К дому он подходил быстрее, быстрее и взбежал по лестнице, как мальчишка.
Ася вскрикнула, необыкновенно сильно обхватила его шею. Алёша выбежал из другой комнаты, оцепенел, потом бросился к отцу и прильнул к его ноге. Он раньше всех, глядя снизу сияющими, как у матери, глазами, прервал молчание:
– Пап, ты бородатый.
Александр Владимирович не в силах был одолеть немоту. Он задыхался от объятий и волнения.
Алёша нащупал у него в пиджаке баночку.
– Что это, пап? Вот это – что?
Пастухов вытянул её из кармана и дал Асе. Она ничего не могла понять и, держа в одной руке склянку, а другой по-прежнему обвивая его шею, заглядывала ему в самые зрачки, ища там ответа на единственное своё чувство к нему, которое её потрясало. Ему хотелось, чтобы она прочла, что написано на баночке, и чтобы они вместе посмеялись. Жажда шутки не проходила у него, но первые его слова прозвучали так, что даже Ася, изучившая его манеру говорить чепуху с серьёзной миной, приняла их за чистую монету.
– Арестантику подали ради Христа, – сказал он.

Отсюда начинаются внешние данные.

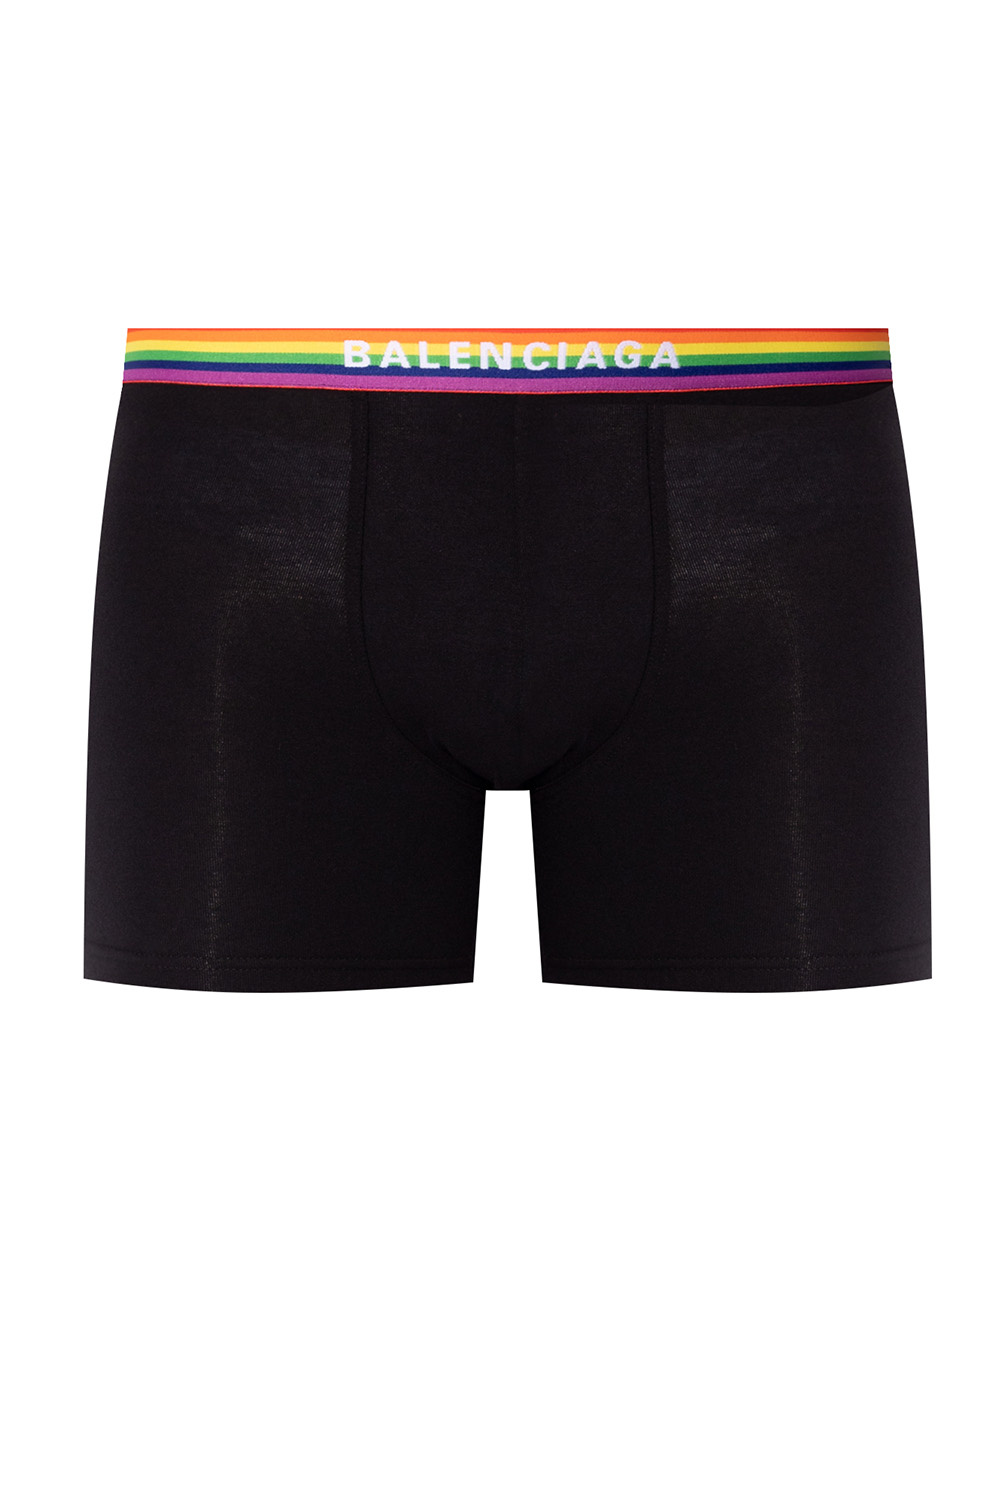 Black Boxers with logo Balenciaga - Vitkac Spain

Она приложила к своей груди эту нелепую склянку с благодарным и растроганным порывом. И тогда Пастухов, со своим внезапным простодушием, захохотал, отнял у Аси баночку и швырнул на стол, бормоча сквозь смех:
– Потом… потом… посмотришь, что это за соус!
Она старалась улыбаться его смеху, все ещё ничего не понимая и не желая ничего понимать, кроме своего счастья.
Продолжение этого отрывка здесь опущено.